Instead, Bob’s Burgers shone a more heartfelt light on the Belcher family, showing them as more wholesome and caring of one another. On Bob’s Burgers, the love the Belchers share is the point of the series. Yes, the unrefined animation and earnest musical escapades (to the tune of a soundtrack album, including one song from The National that sounds suspiciously like a Taylor Swift jam) helped to redefine the series (and the animation medium) as it figured out its identity, but at the core of Bob’s Burgers, it was always about the love.

On The Simpsons, Homer strangles Bart and on Family Guy, Peter viciously mocks Meg. But on Bob’s Burgers, the characters sought only to lift one another up, supporting them when they needed it most and learning how not to act among family when their actions manifested negatively. (Crucially, the lessons learned by the Belchers actually have an impact on the characters’ development going forward, as opposed to resetting the deck each week.) Largely, the care they pass between one another is the result of how each of them is imperfect — and comfortable to be so.

The titular Bob, a slightly bemused, slightly amused father figure who keeps an open mind in most scenarios, is the lead of the series and patriarch of the Belchers. For the most part, Bob’s actions are fairly self-effacing (even when he can hardly believe the nonsense his kids come up with and decide to say directly to their parents’ faces), but they are always conducted in the name of what he believes is best for his loved ones.
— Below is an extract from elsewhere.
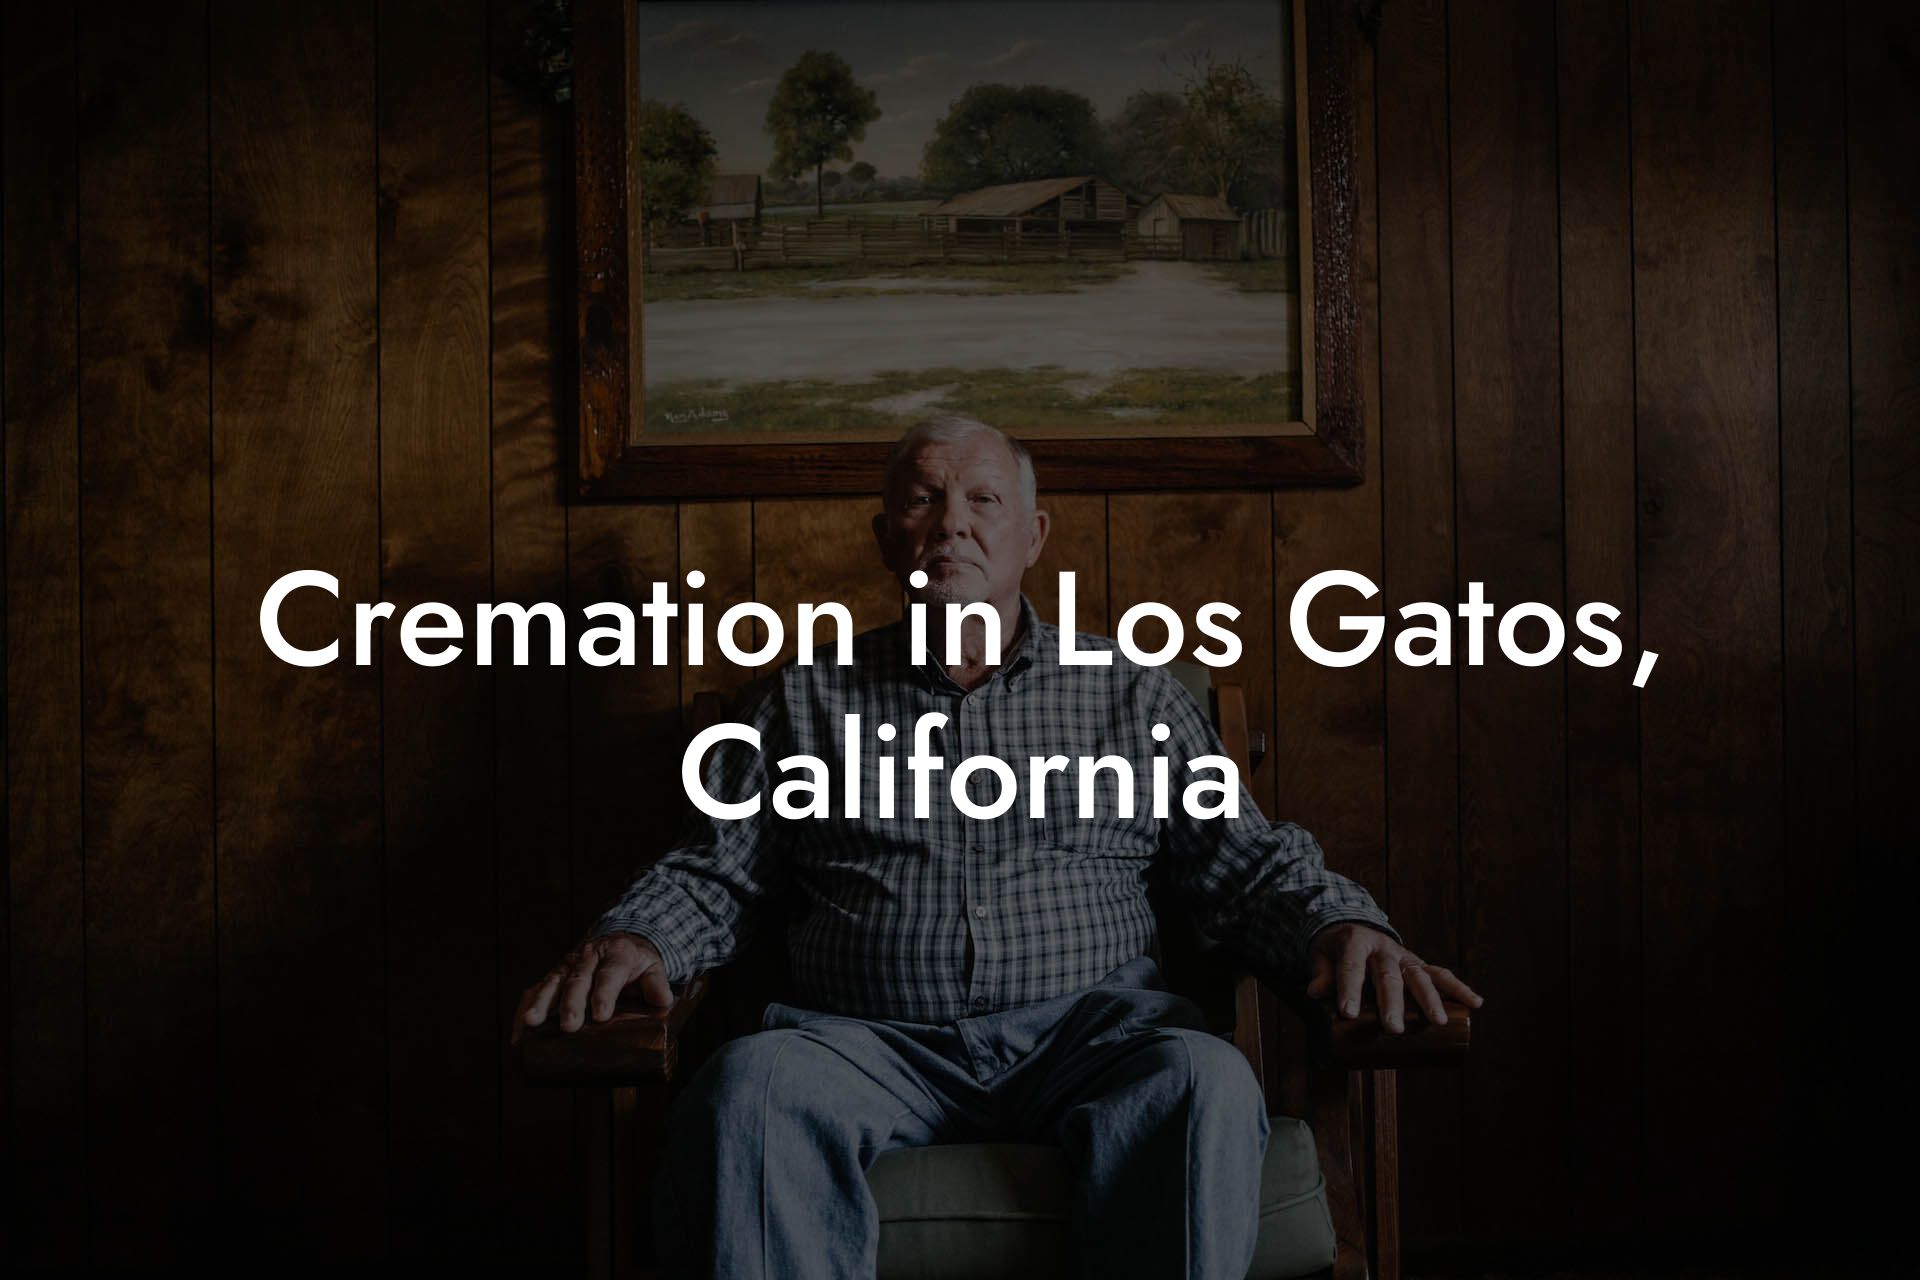 Cremation in Los Gatos, California

His downtrodden pessimism (which streaks through his character roughly eighty percent of the time on Bob’s Burgers) is counterbalanced by Linda, who is fun-loving and self-amusing. (She’s the type of person who claims to be a “fun customer” and actually lives up to the claim, as in one dinner with Bob when she mistakes a taxi for a “snatchy.”) The supportive nature of Linda’s character is always obvious because she cares enthusiastically enough for both her and Bob (Bob’s support is typically more muted and reluctant). When Tina is tasked with crafting a project based on her reading of The Call of the Wild, Linda devotes the entire afternoon to a home musical production of the story, as she always takes an interest in the kids’ extracurricular activities (even if they’re made up, like their “glee, key, and ski” club loyalties).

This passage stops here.